What the task requires
Give the listing again exactly, omitting its images.

Dataset section
- - -

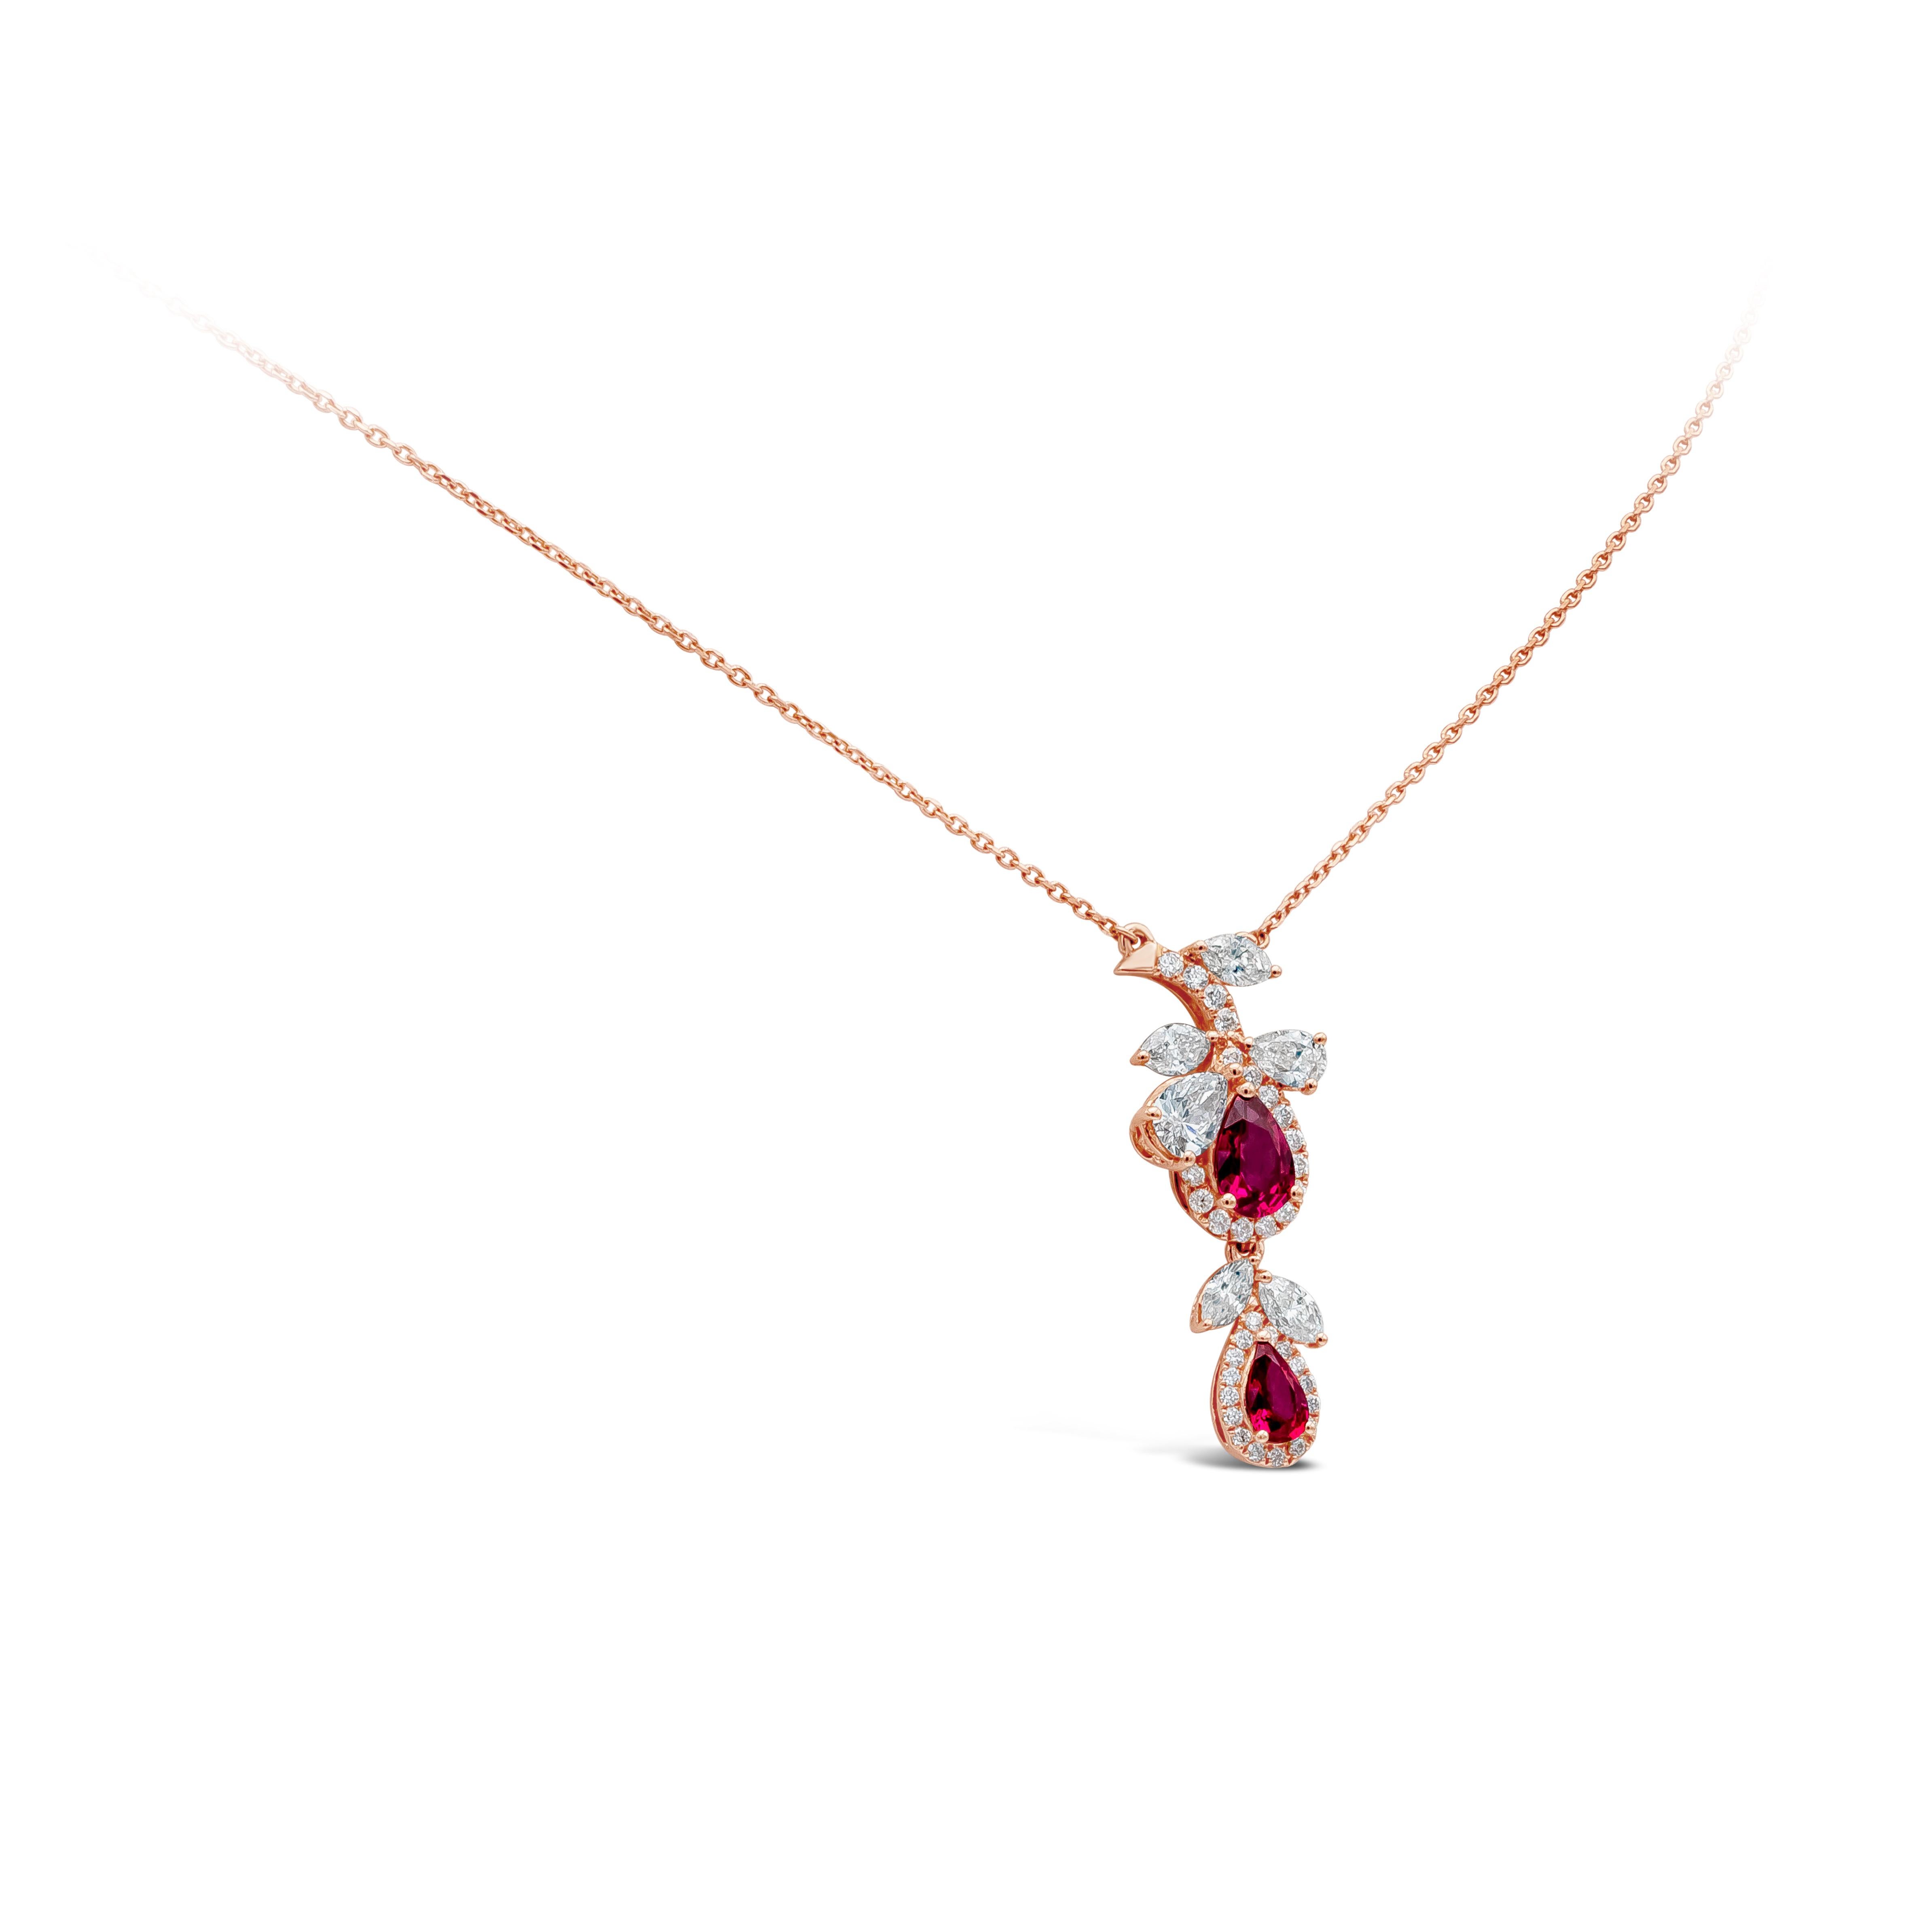 Floral Motiv Anhänger Halskette mit einem lebendigen Birne Form Rubin mit einem Gewicht von etwa 0,62 Karat, akzentuiert durch gemischte Form Diamanten, die etwa 0,78 Karat, FGG Farbe und VS in Klarheit wiegen.
Aufgehängt an einer 18 Zoll langen
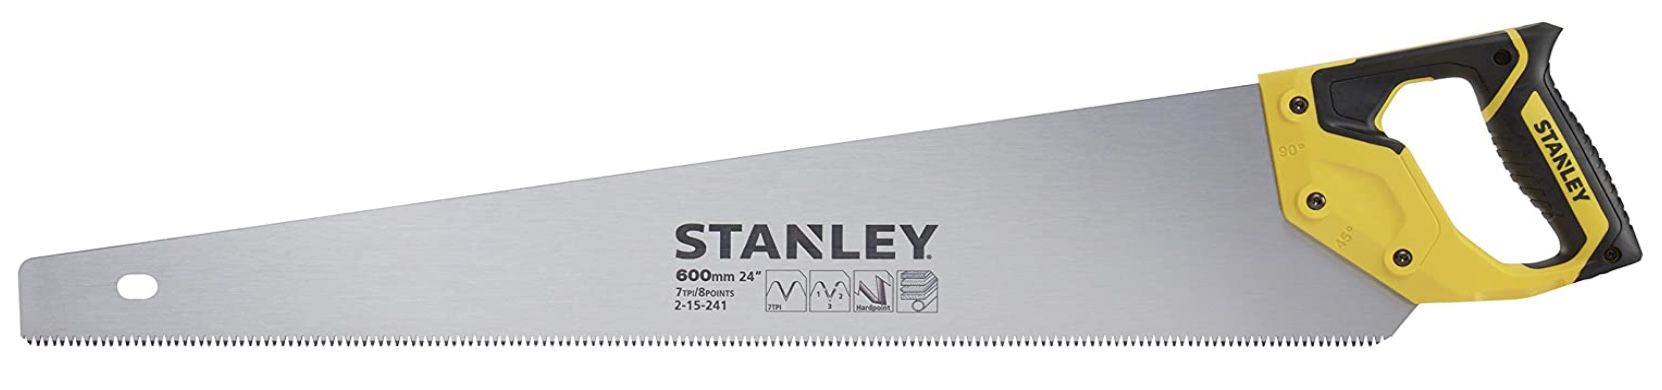 Stanley Jet Cut HP Handsäge mit 600mm Länge für 26,73€ (statt 35€)

- - -

Output below
 Floral Motiv Anhänger Halskette mit einem lebendigen Birne Form Rubin mit einem Gewicht von etwa 0,62 Karat, akzentuiert durch gemischte Form Diamanten, die etwa 0,78 Karat, FGG Farbe und VS in Klarheit wiegen.
Aufgehängt an einer 18 Zoll langen
 Stanley Jet Cut HP Handsäge mit 600mm Länge für 26,73€ (statt 35€)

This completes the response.